Svárov is a municipality and village in Kladno District in the Central Bohemian Region of the Czech Republic. It has about 600 inhabitants.

==Etymology==
The name Svárov was derived from the personal name Svár, meaning "Svár's (property)".

==Geography==
Svárov is located about 8 km south of Kladno and 12 km west of Prague. It lies in the Křivoklát Highlands. The Loděnice River briefly flows through the municipal territory.

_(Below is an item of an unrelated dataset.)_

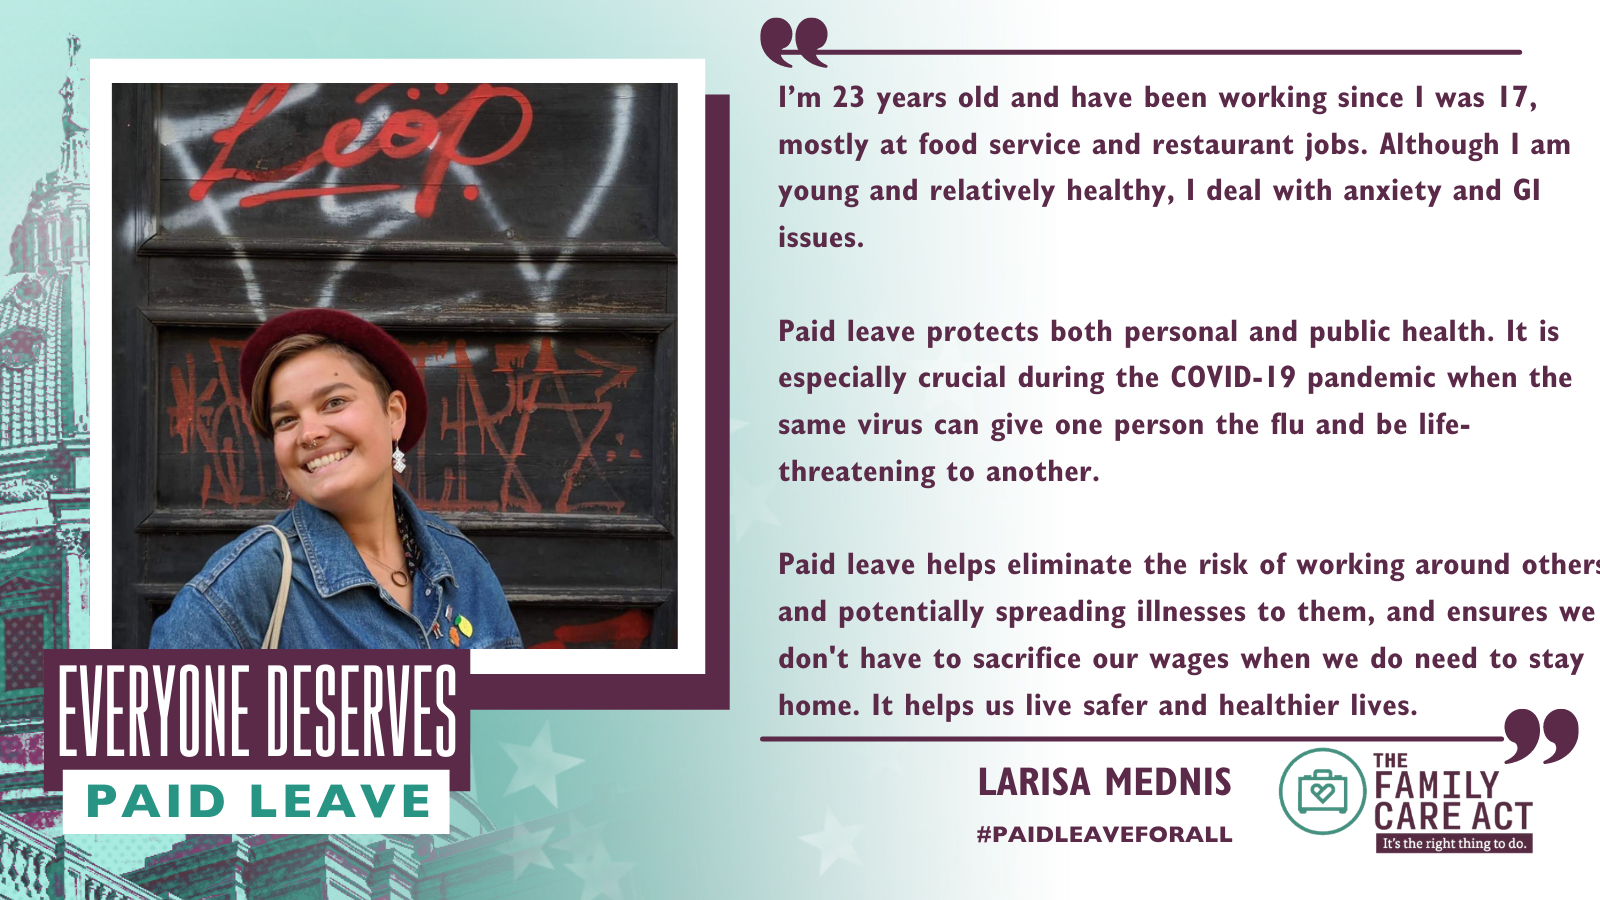 Larisa Mednis Paid Leave Story Formatted for Twitter.png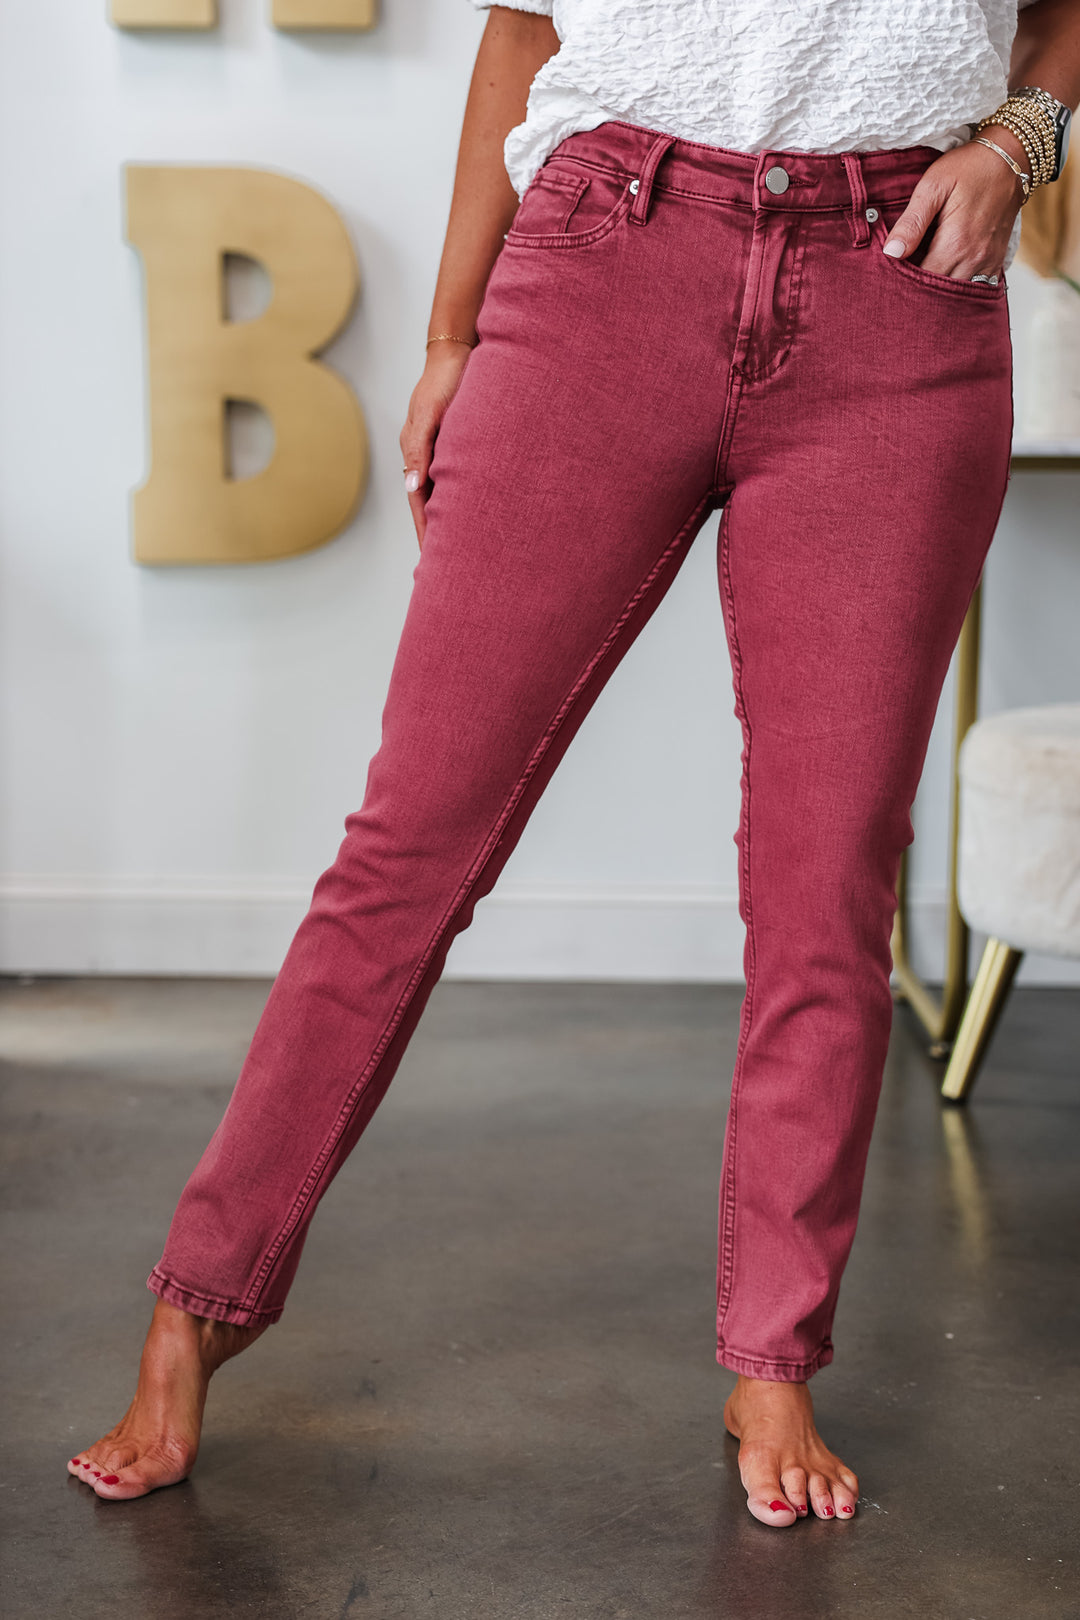 A woman standing in a shop wearing ruby colored jeans with a medium rise and straight leg.

In the centre of the village is the fishpond Svárovský rybník.

==History==
The first written mention of Svárov is from 1249, when it was owned by the Břevnov Monastery. It was owned by various lesser nobles for most of its history. From 1732 until the establishment of an independent municipality in 1850, the village was part of the Buštěhrad estate.

==Transport==
There are no railways or major roads passing through the municipality.

==Sights==
The main landmark of Svárov is the Church of Saint Lucas. It was first documented in 1352, but it has a Romanesque core, which indicates an older origin. The church was probably extended in the late Renaissance period, then it was baroque rebuilt.